**Source data:**
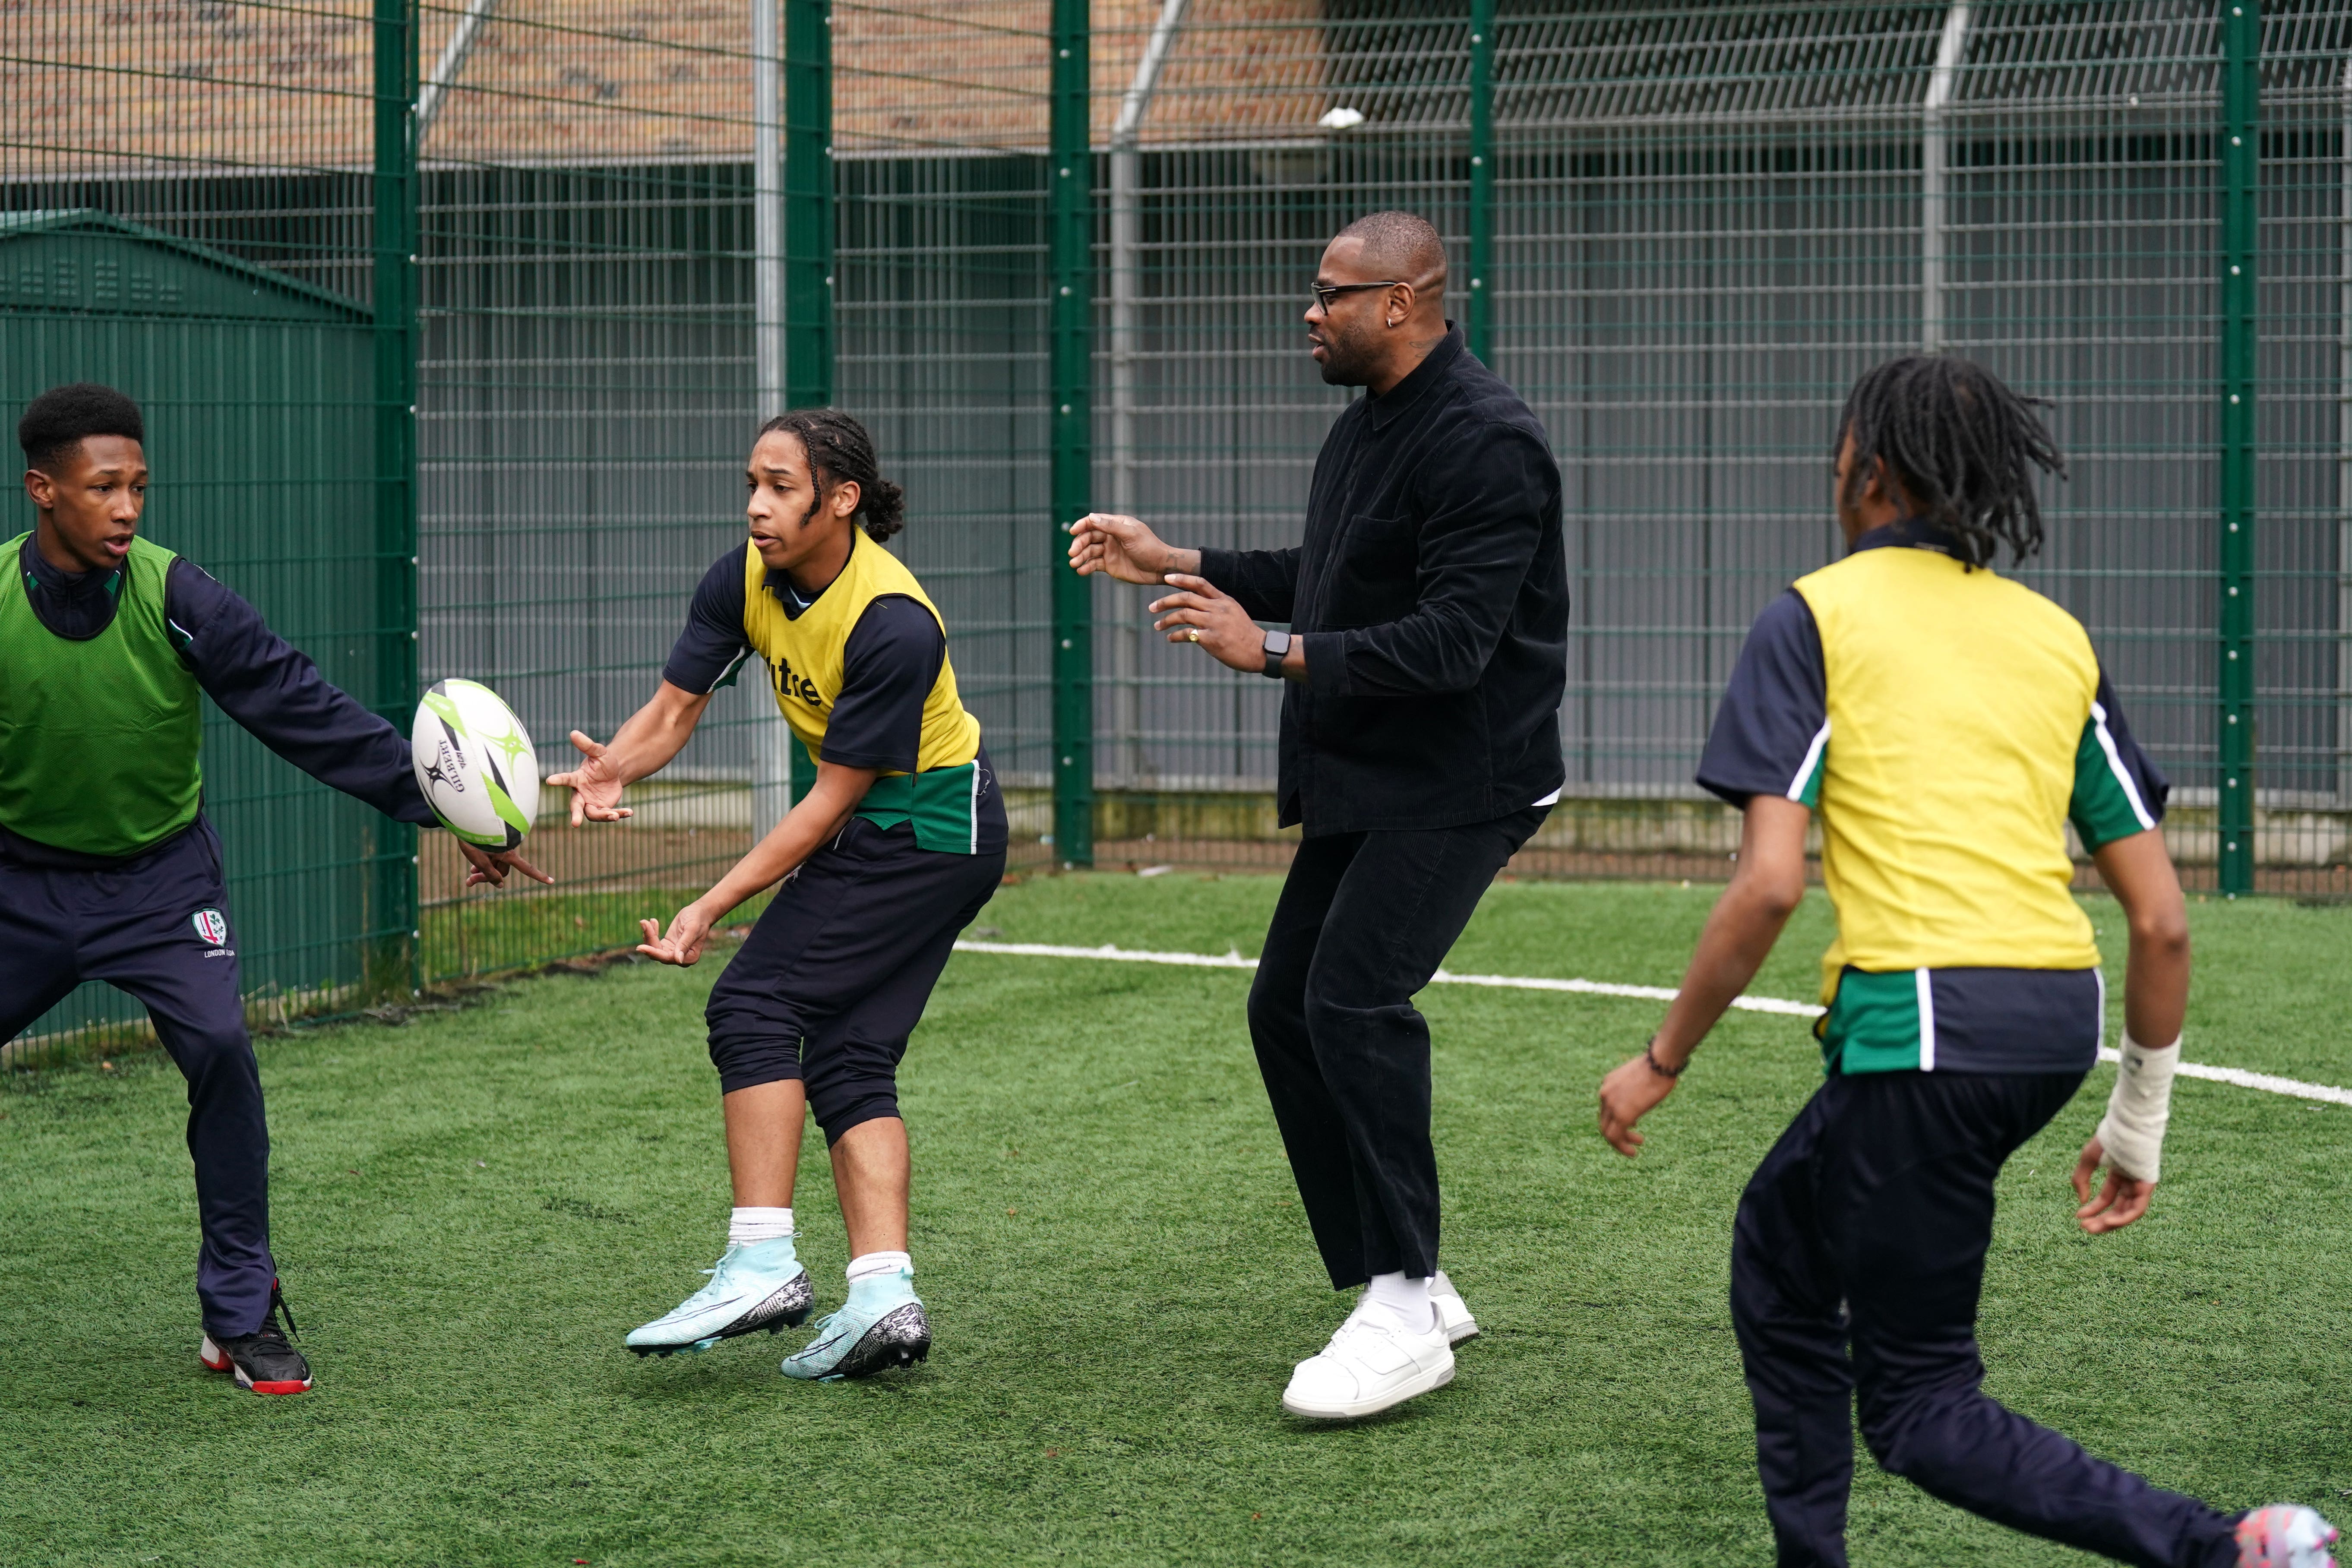 Former England player Ugo Monye joined a rugby session with youngsters in London. (Adam Davy/PA)
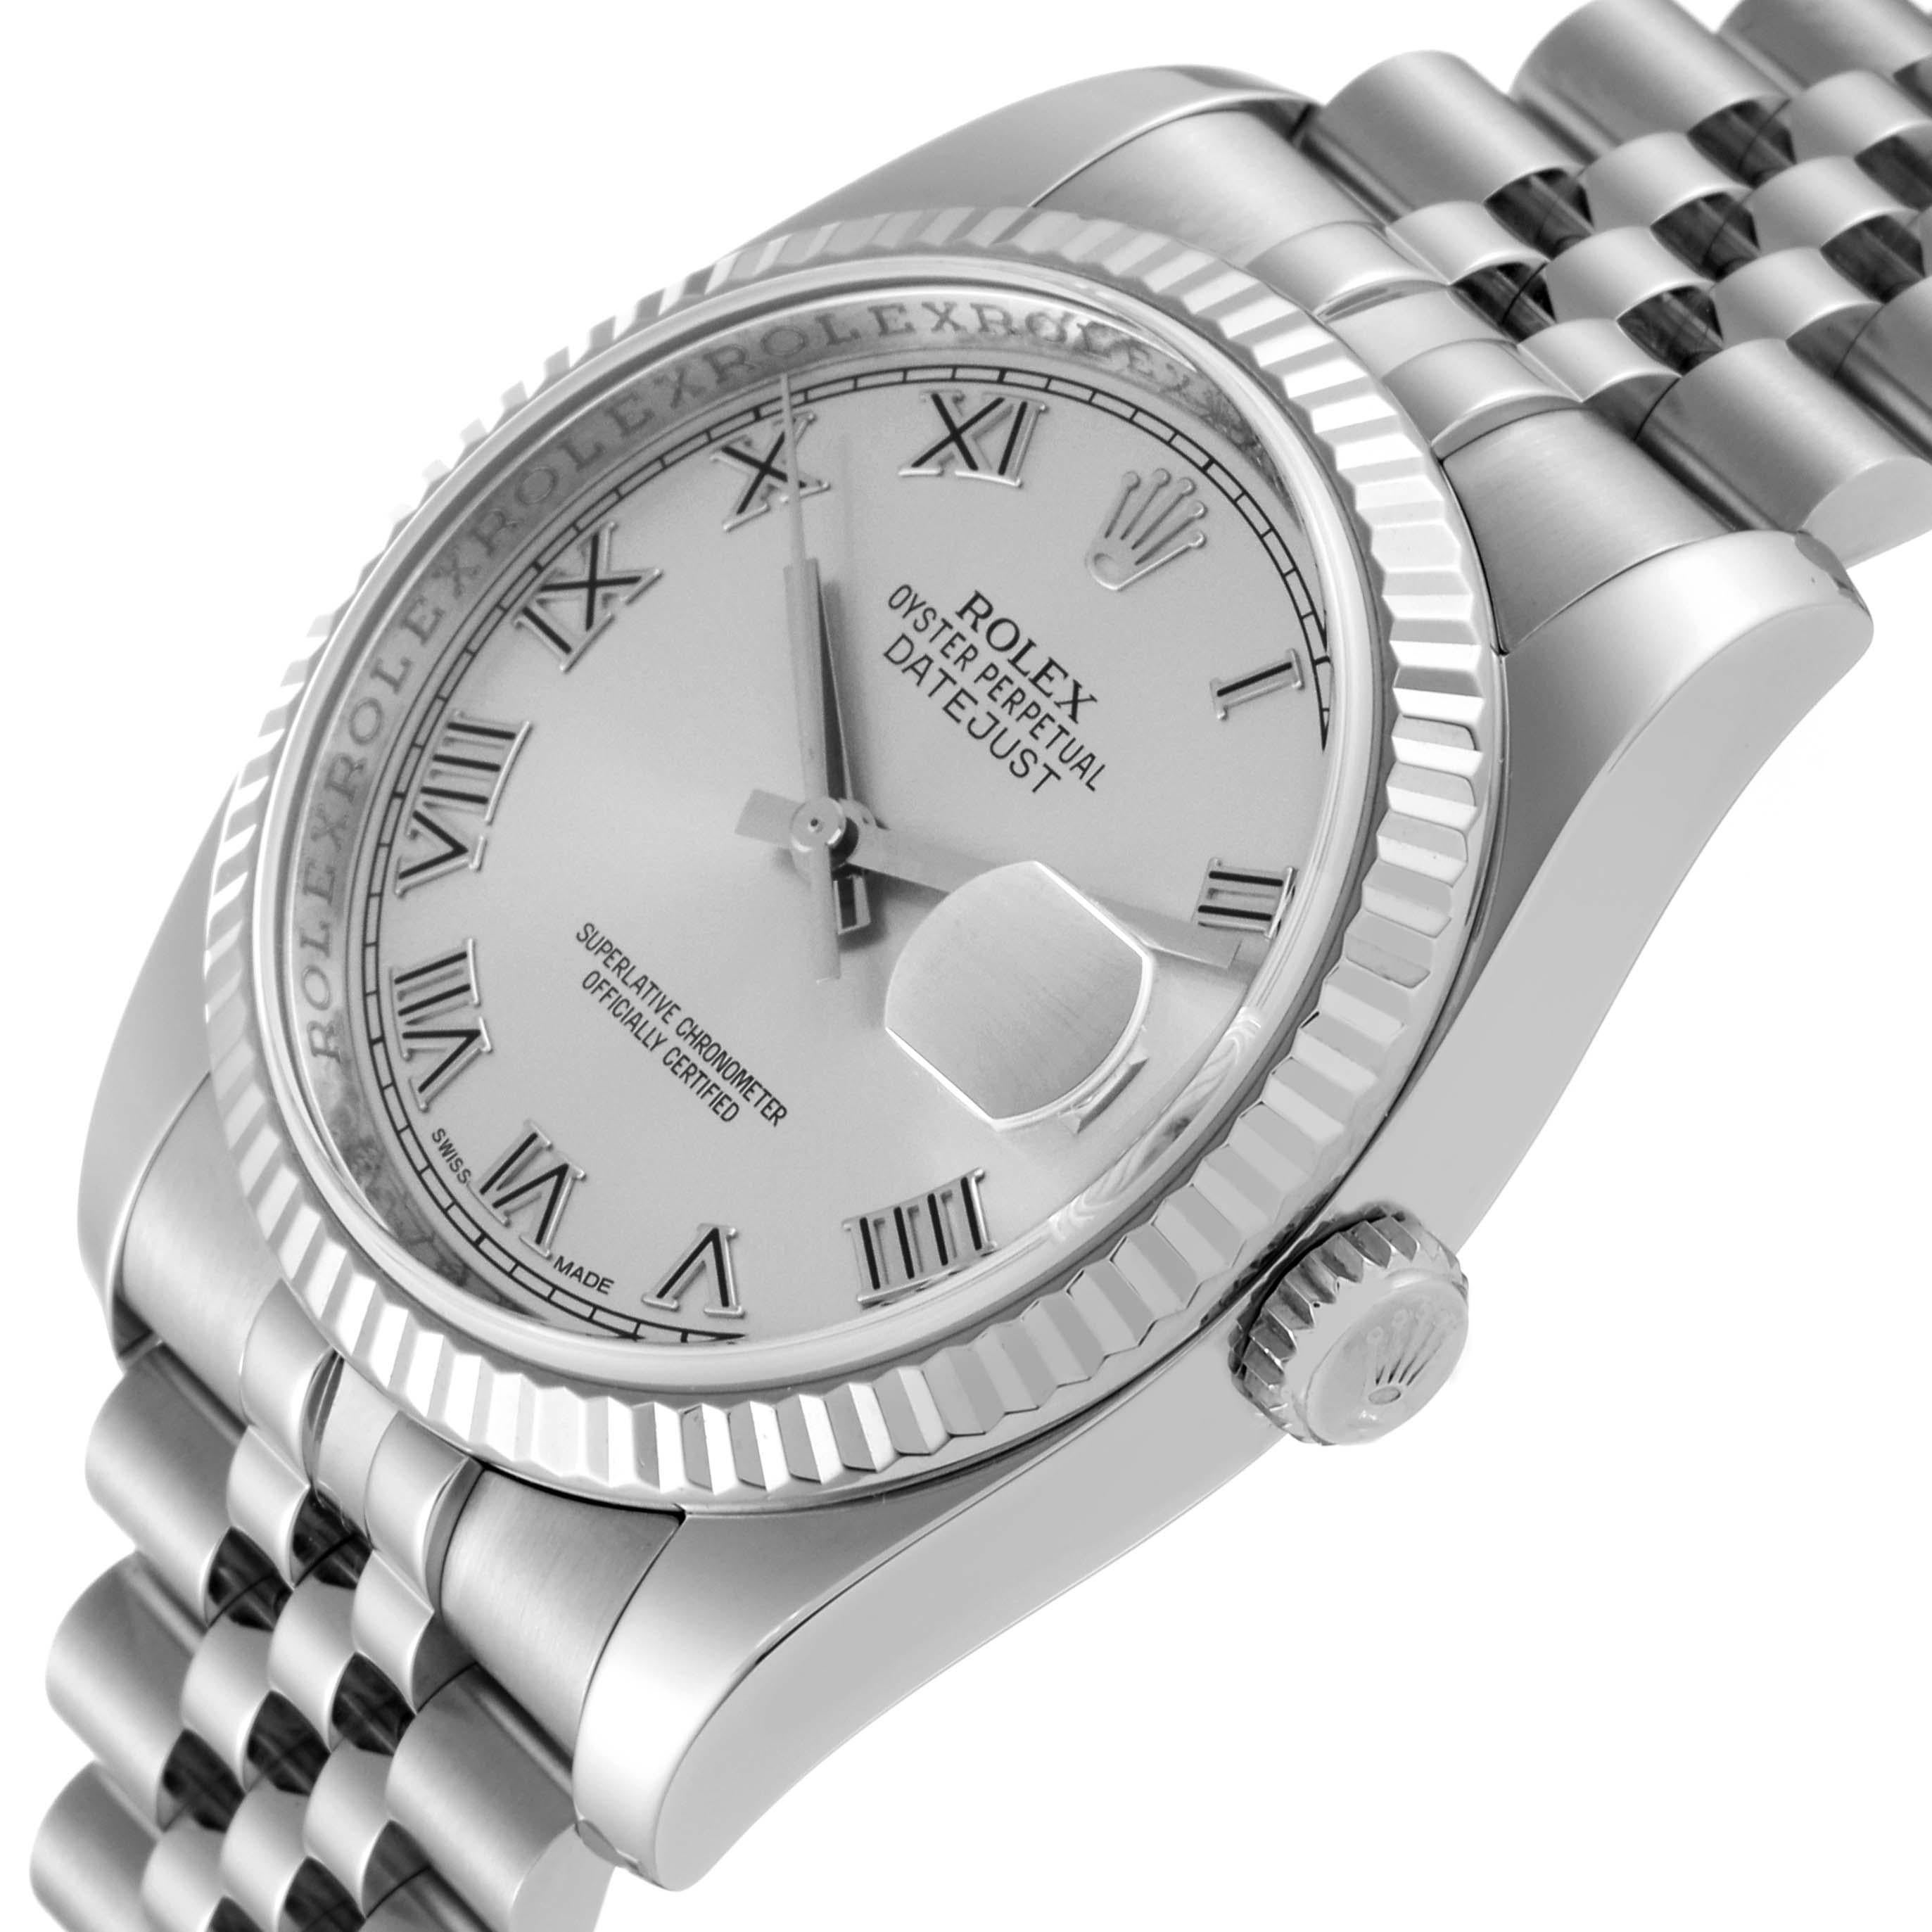 Rolex Datejust Steel White Gold Silver Roman Dial Mens Watch 116234 For Sale 3
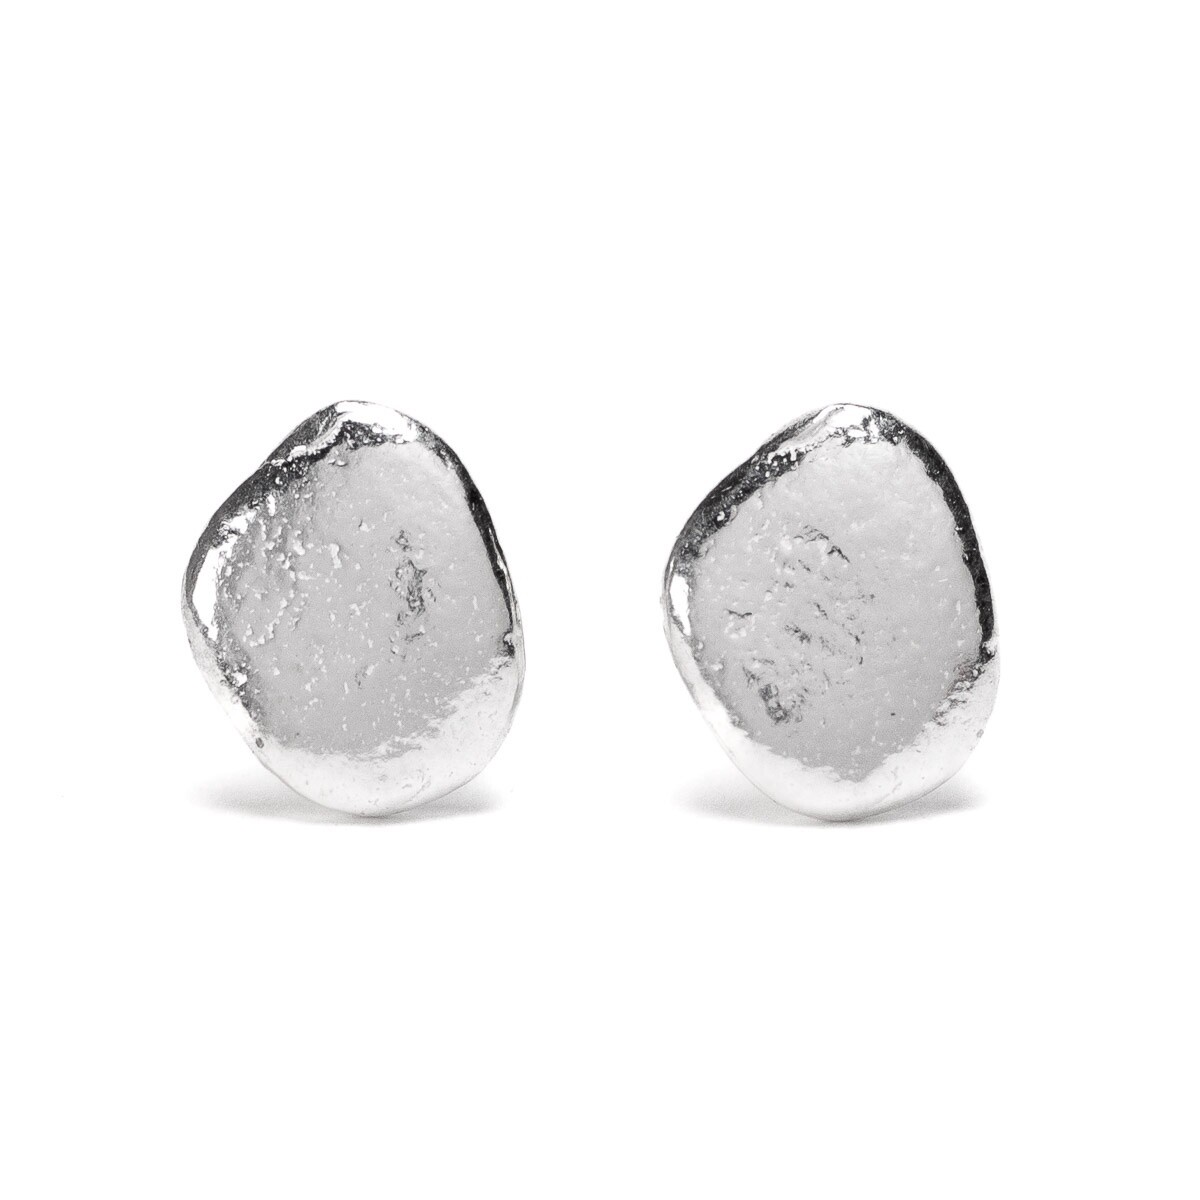 Pebble Silver Stud Earrings Smooth by Silverfish

**The task:** Everything above except the pictures must be restated exactly.

**Task response:**
 Former England player Ugo Monye joined a rugby session with youngsters in London. (Adam Davy/PA)
 Rolex Datejust Steel White Gold Silver Roman Dial Mens Watch 116234 For Sale 3
 Pebble Silver Stud Earrings Smooth by Silverfish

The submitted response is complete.